When the Super Bowl first appeared on January 15, 1967, LBJ occupied the Oval Office, three networks dominated the entire television business, and the internet was still a glimmer in Al Gore's eye. Half a century later, the big game remains essentially the same, impervious to evolution, undisturbed in form and function since the late 1960s.

This Sunday, when a staggering 110 million people tune in for the 51st annual Super Bowl, they'll enjoy such shopworn narratives as the journeyman quarterback vs. the gunslinging upstart, the grizzled coach seeking redemption, the bombastic halftime show, the politically incorrect cheerleaders.

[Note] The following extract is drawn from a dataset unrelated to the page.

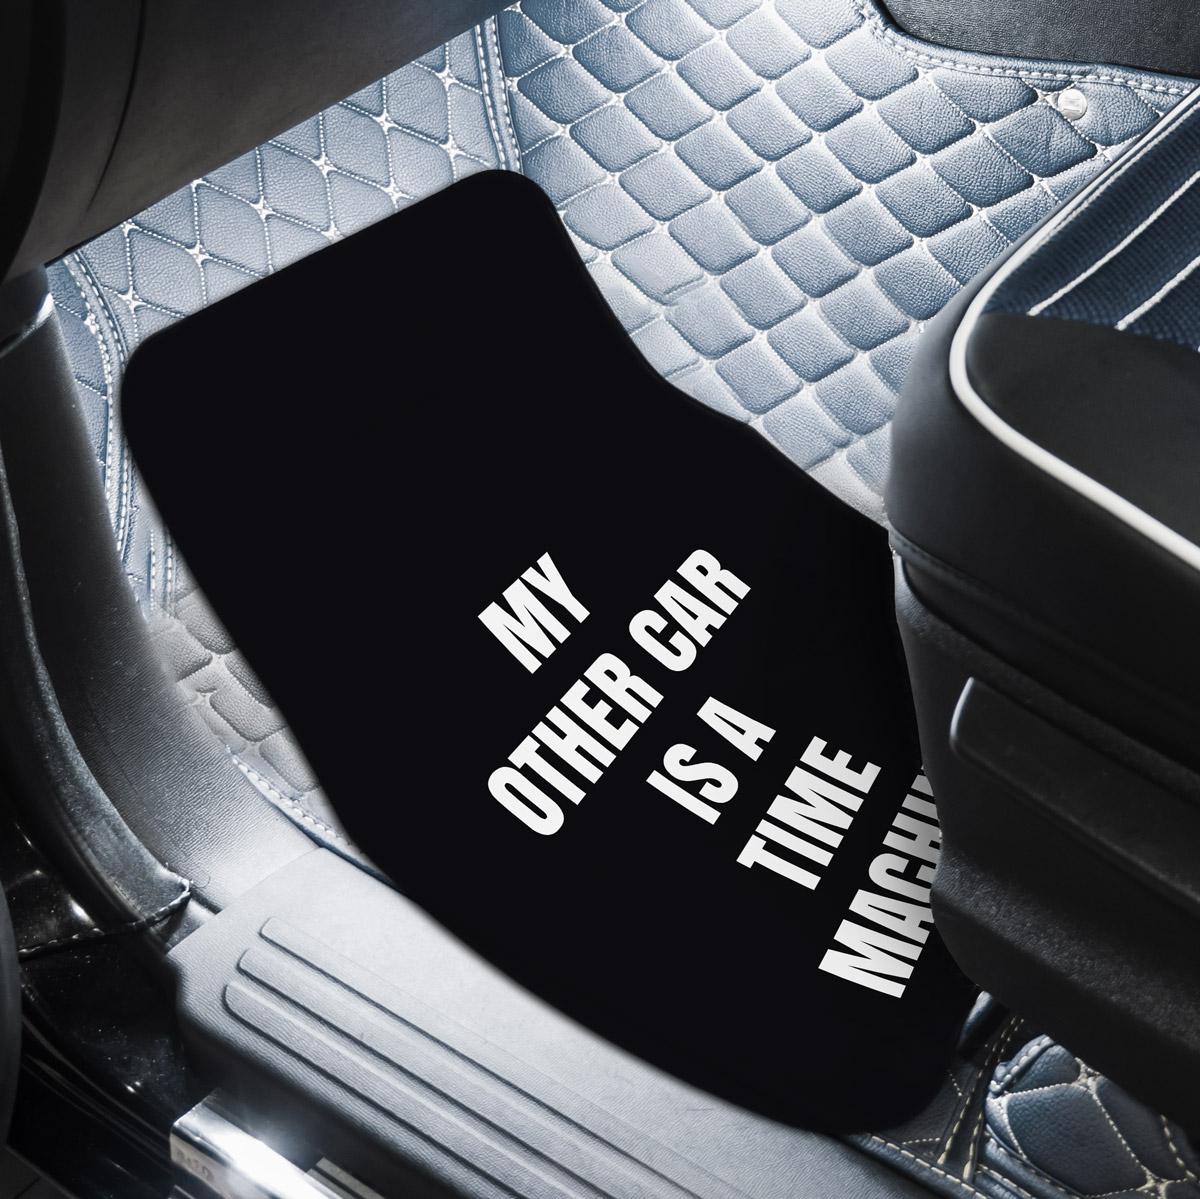 regali per lui tappetino per auto con testo su 5 righe

But there's one part of our national secular holiday that makes this spectacle particularly anachronistic: the Super Bowl's long-standing deification of Madison Avenue and the starring role that commercials play in the game plan.

As a recovering Mad Man, the former CEO of a celebrated creative agency, I've watched with a mix of revulsion and relief over the past few years as traditional advertising increasingly faces extinction. Today, many of us gleefully binge-watch television shows made more tolerable by ad-free platforms. Programs like Saturday Night Live publically announce reduced ad loads to remain relevant. Meanwhile, one in 10 Americans now use ad-blocking software to avoid annoying web banners and so-called "pre-roll" advertising. Print advertising, well, we all know how that one goes.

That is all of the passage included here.